*Task requirements*:
In the material below, print every line exactly and omit the pictures.
___
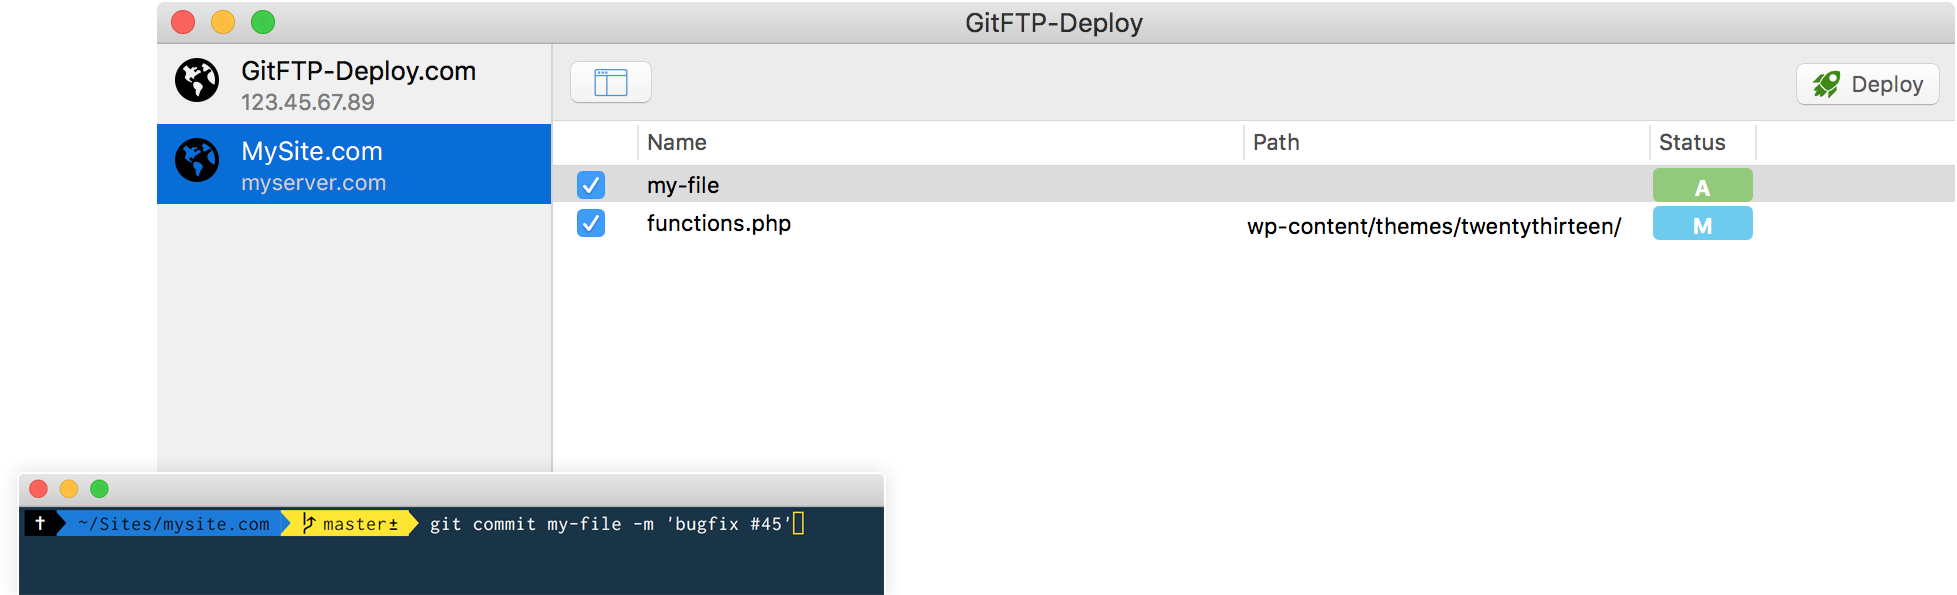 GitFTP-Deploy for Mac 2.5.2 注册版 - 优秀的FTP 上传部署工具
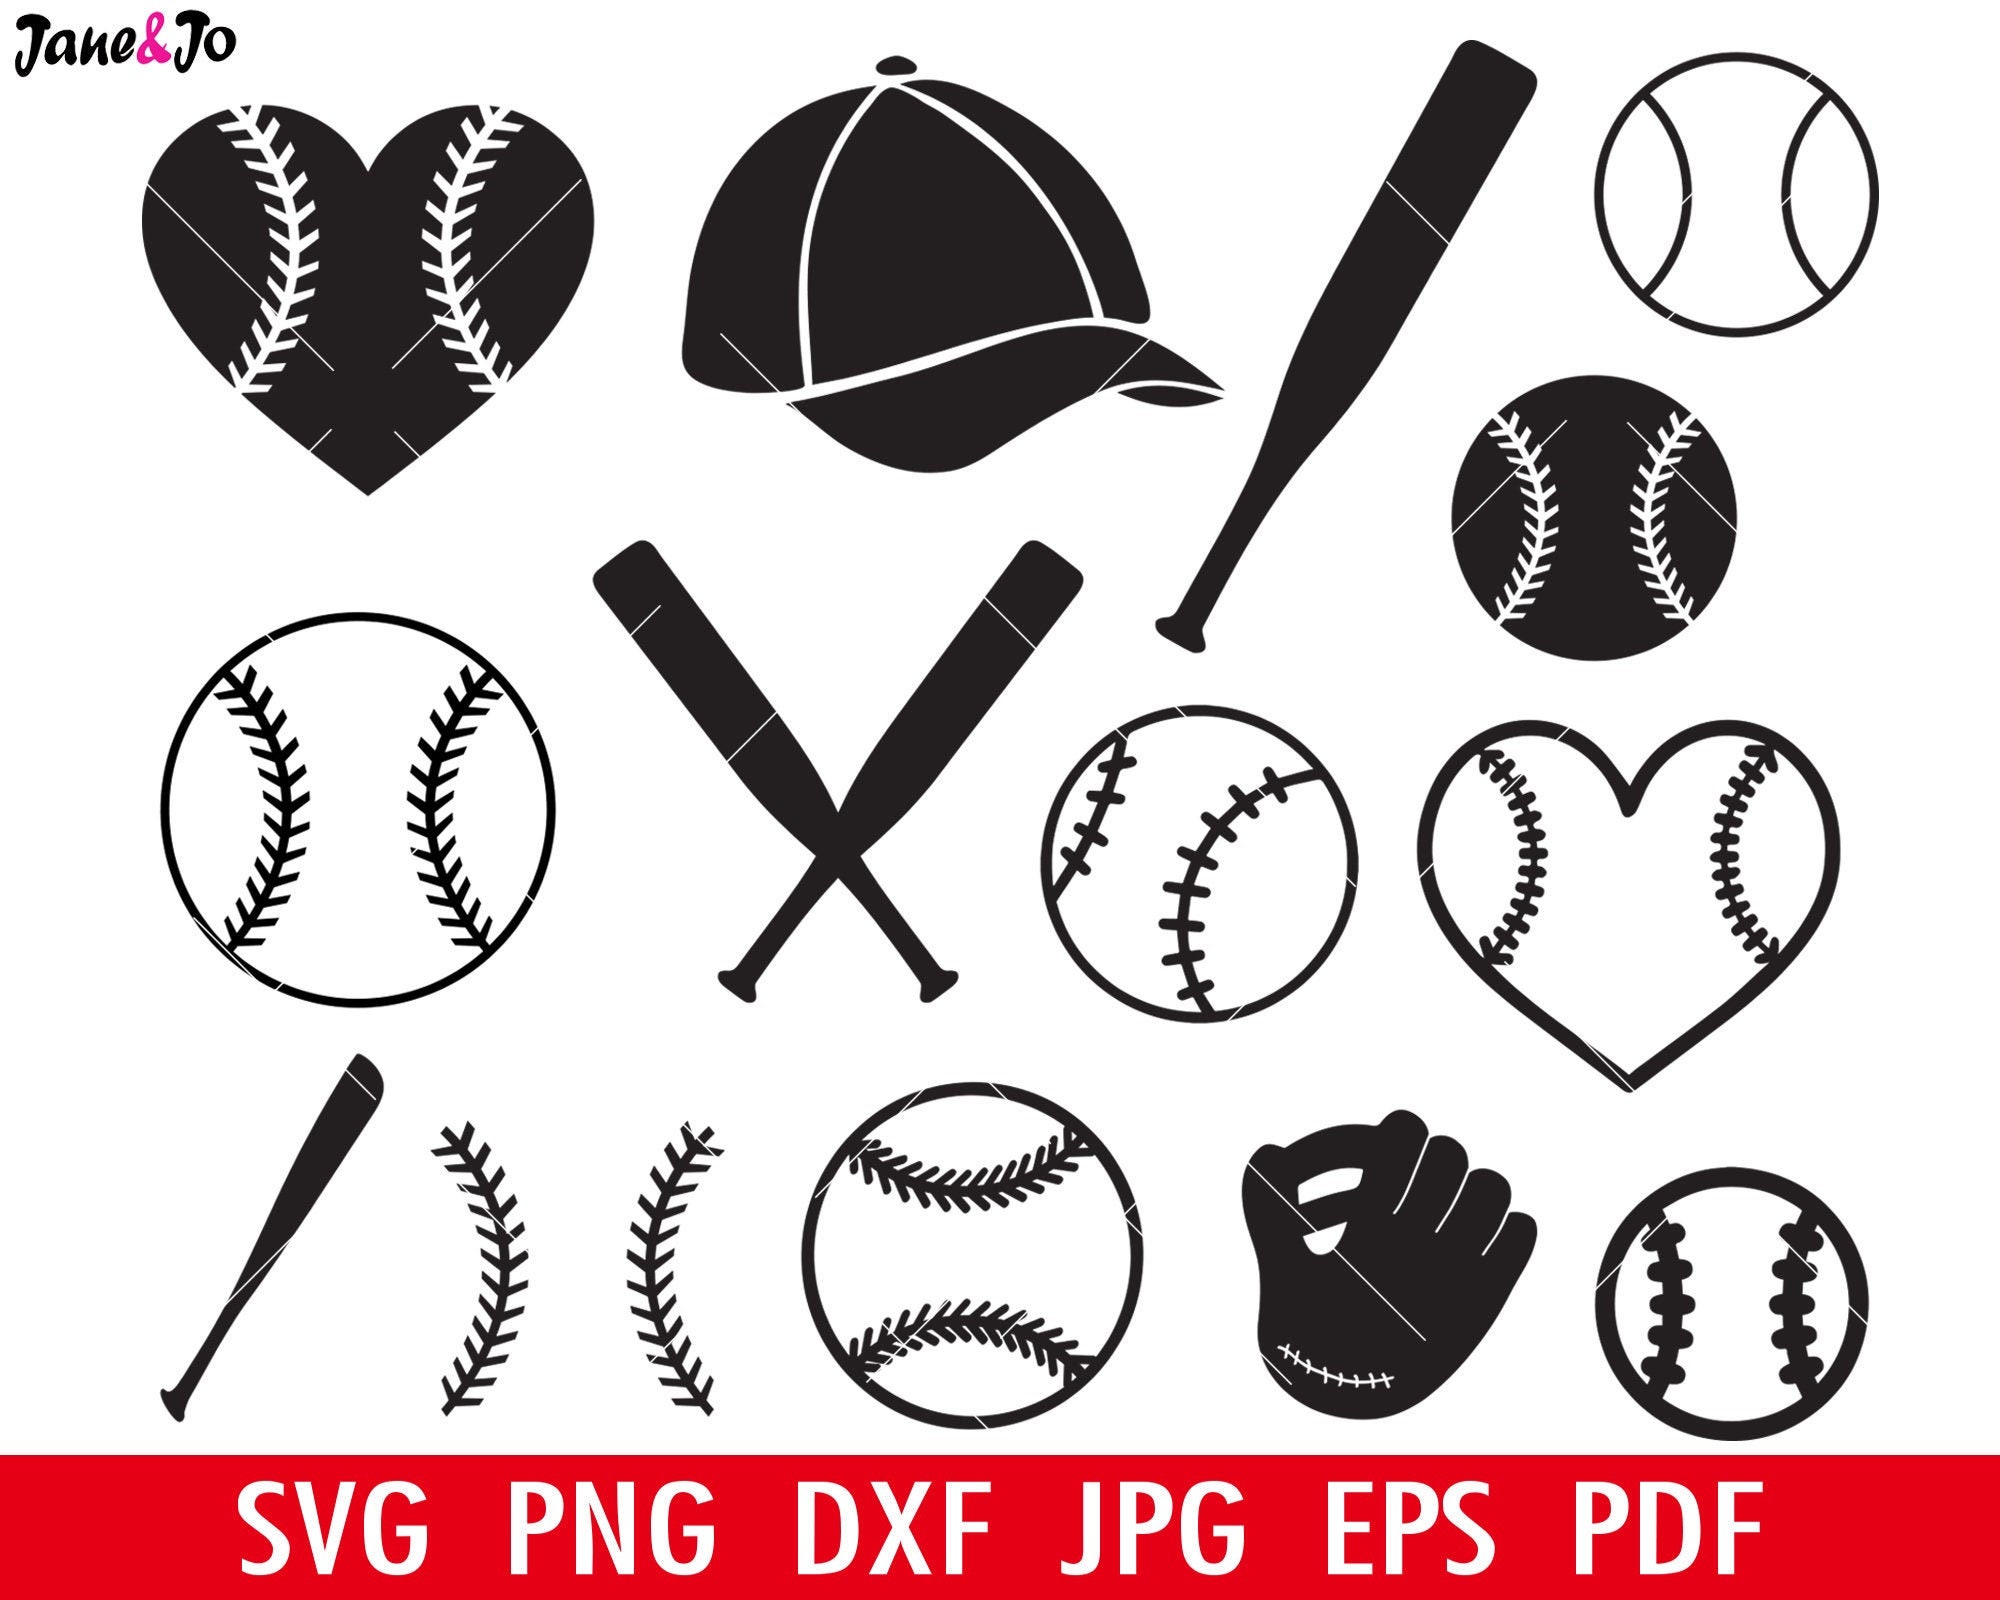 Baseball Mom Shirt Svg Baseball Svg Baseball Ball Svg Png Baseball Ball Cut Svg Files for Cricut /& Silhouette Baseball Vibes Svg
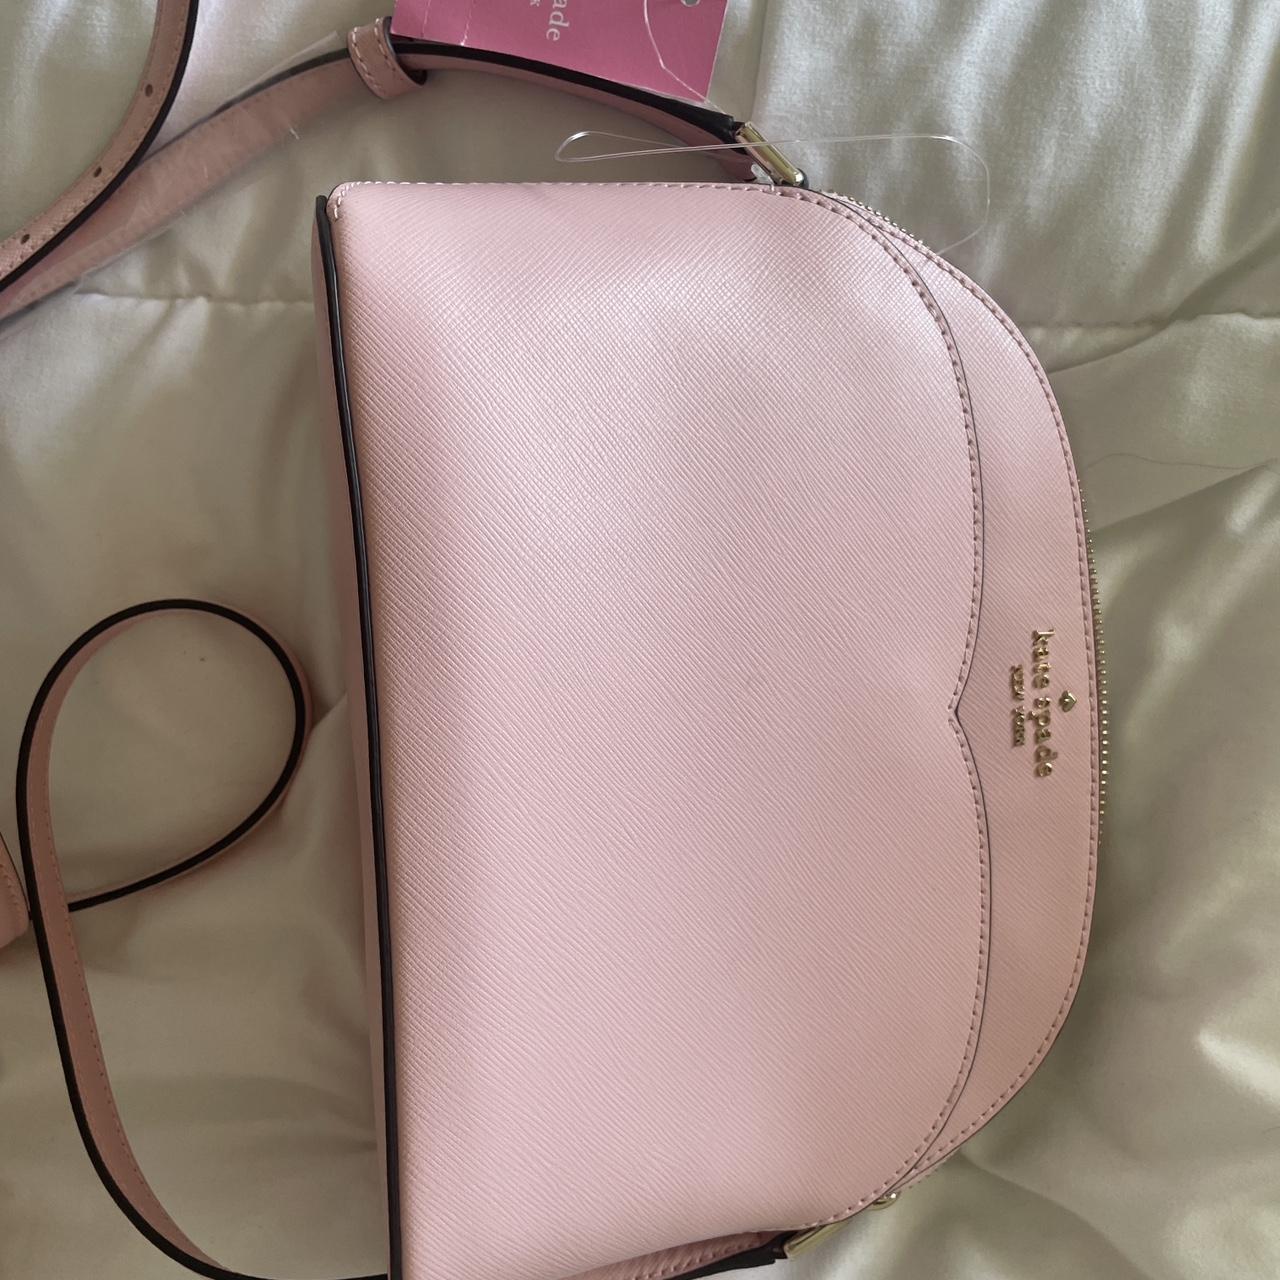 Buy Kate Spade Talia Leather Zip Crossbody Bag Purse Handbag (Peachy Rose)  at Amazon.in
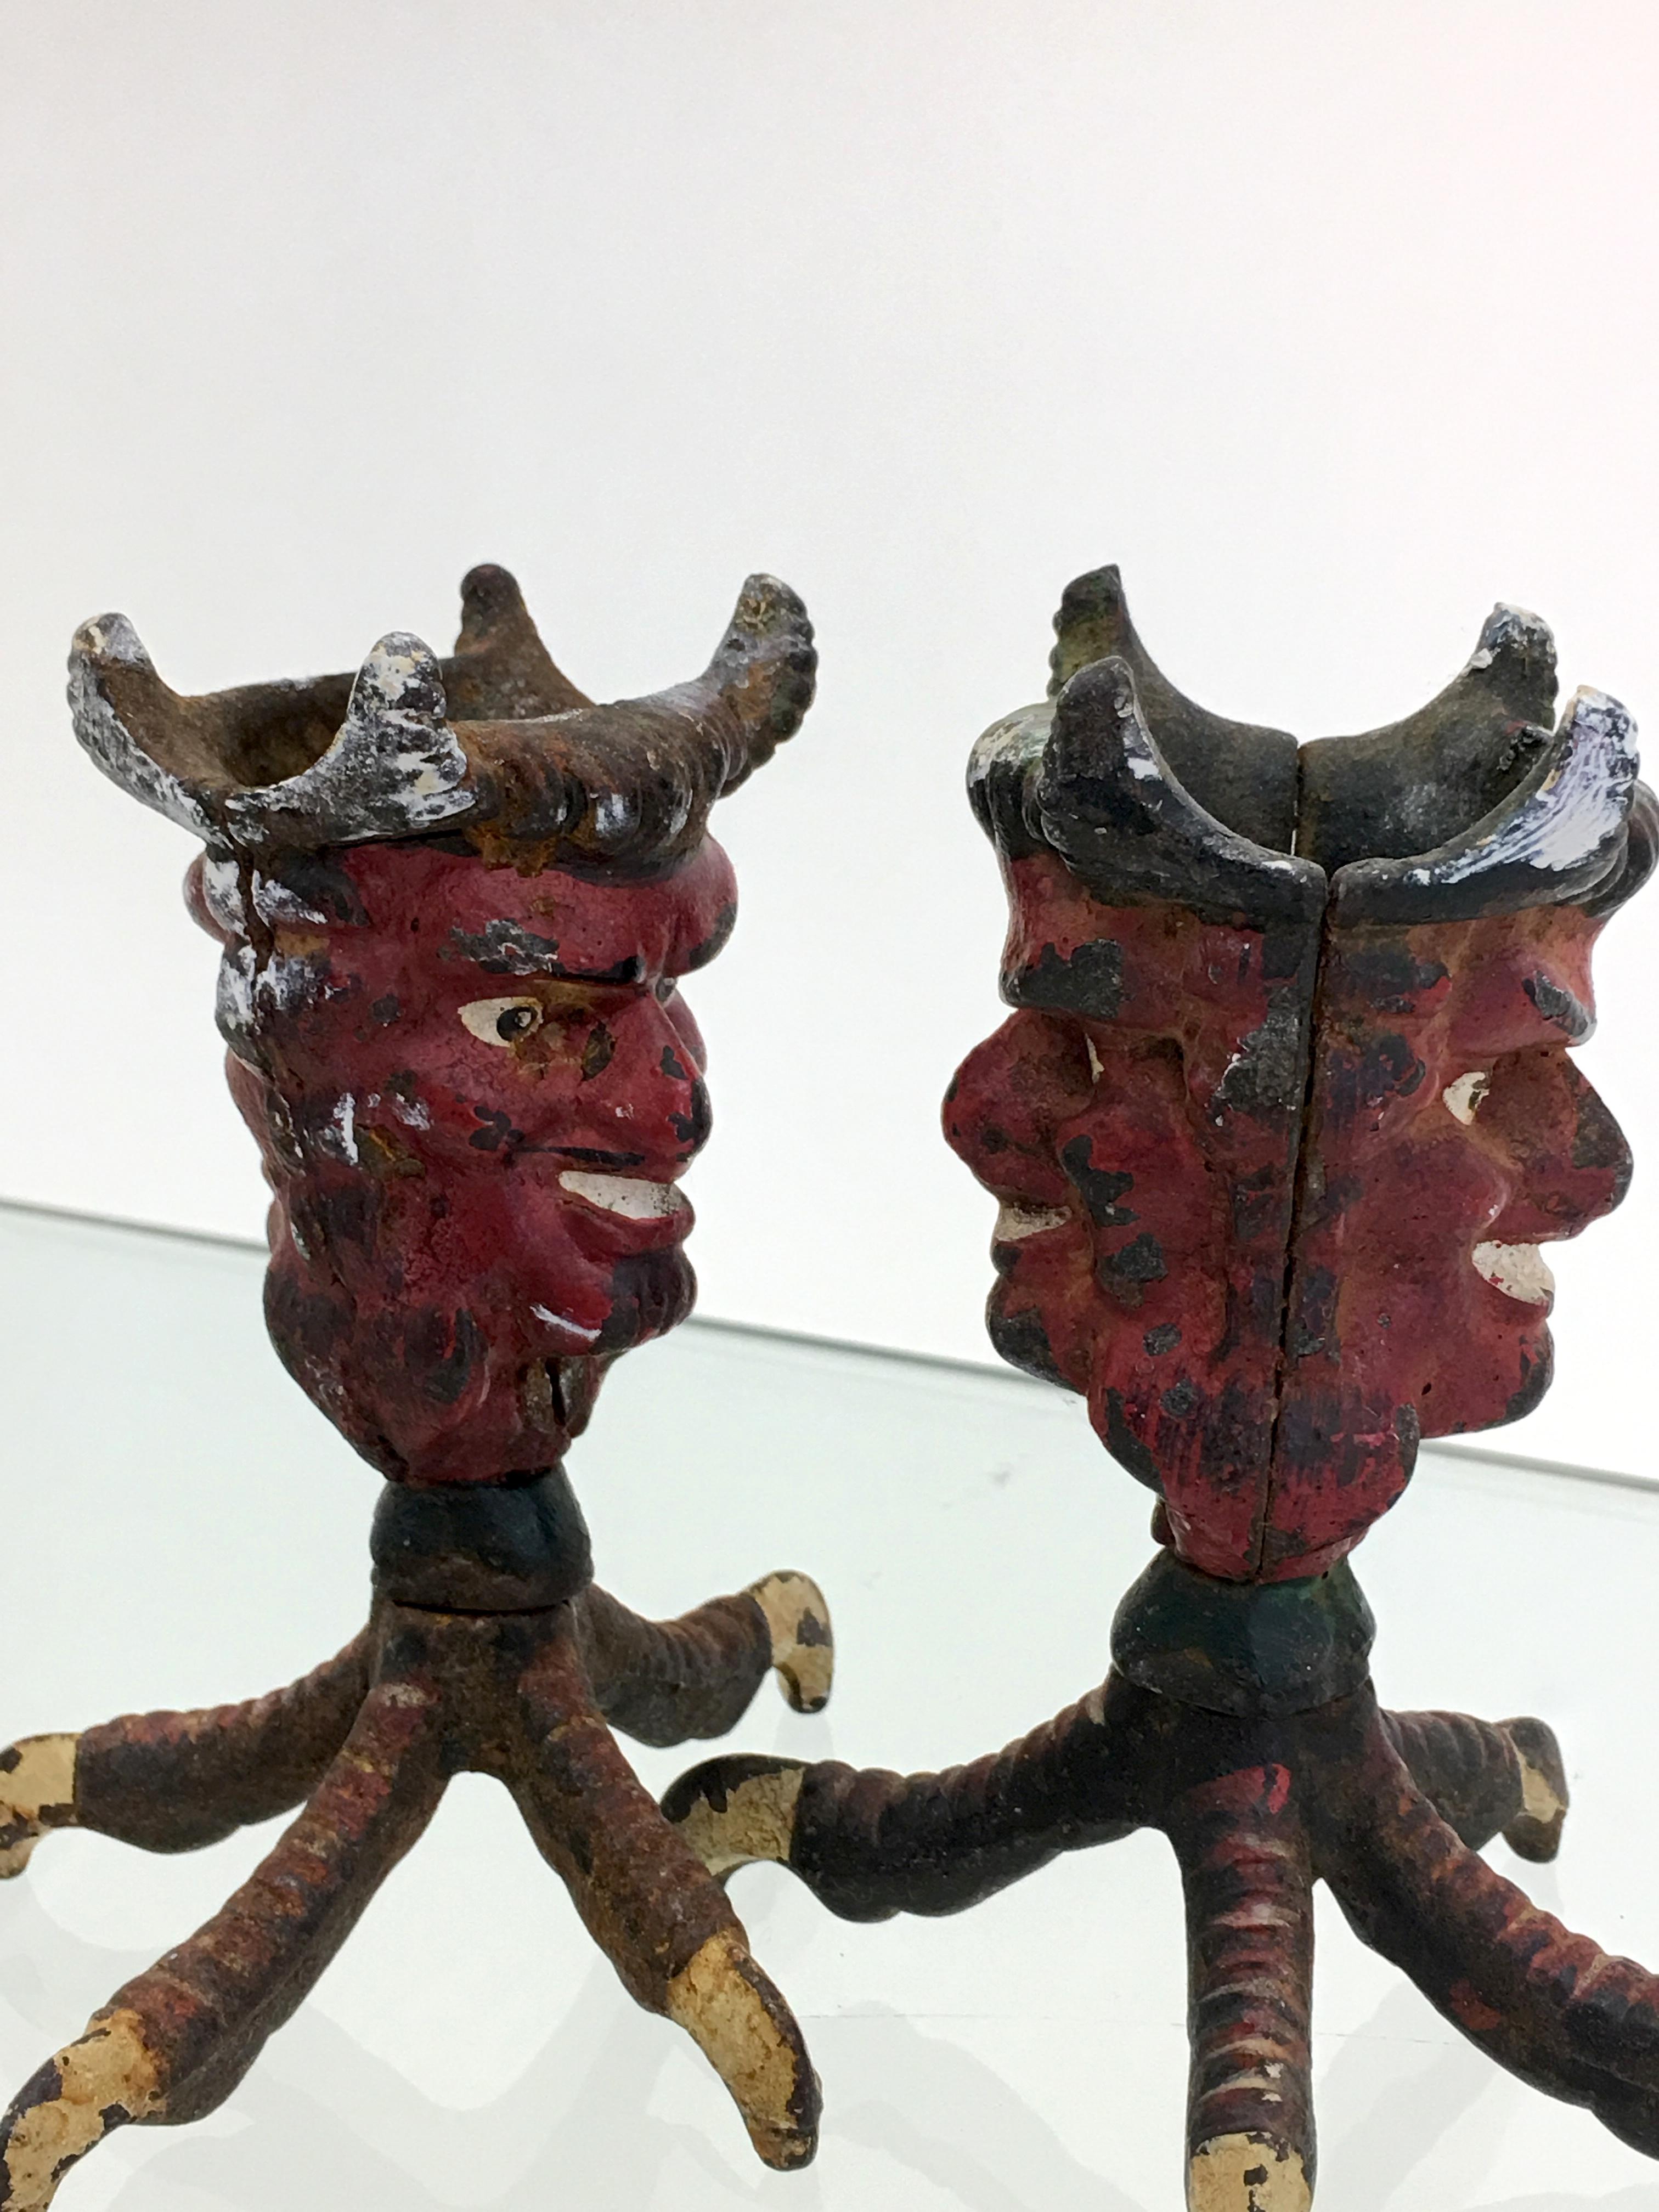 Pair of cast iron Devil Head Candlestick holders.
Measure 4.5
___
*Solution for this exercise*:
 GitFTP-Deploy for Mac 2.5.2 注册版 - 优秀的FTP 上传部署工具
 Baseball Mom Shirt Svg Baseball Svg Baseball Ball Svg Png Baseball Ball Cut Svg Files for Cricut /& Silhouette Baseball Vibes Svg
 Buy Kate Spade Talia Leather Zip Crossbody Bag Purse Handbag (Peachy Rose)  at Amazon.in
 Pair of cast iron Devil Head Candlestick holders.
Measure 4.5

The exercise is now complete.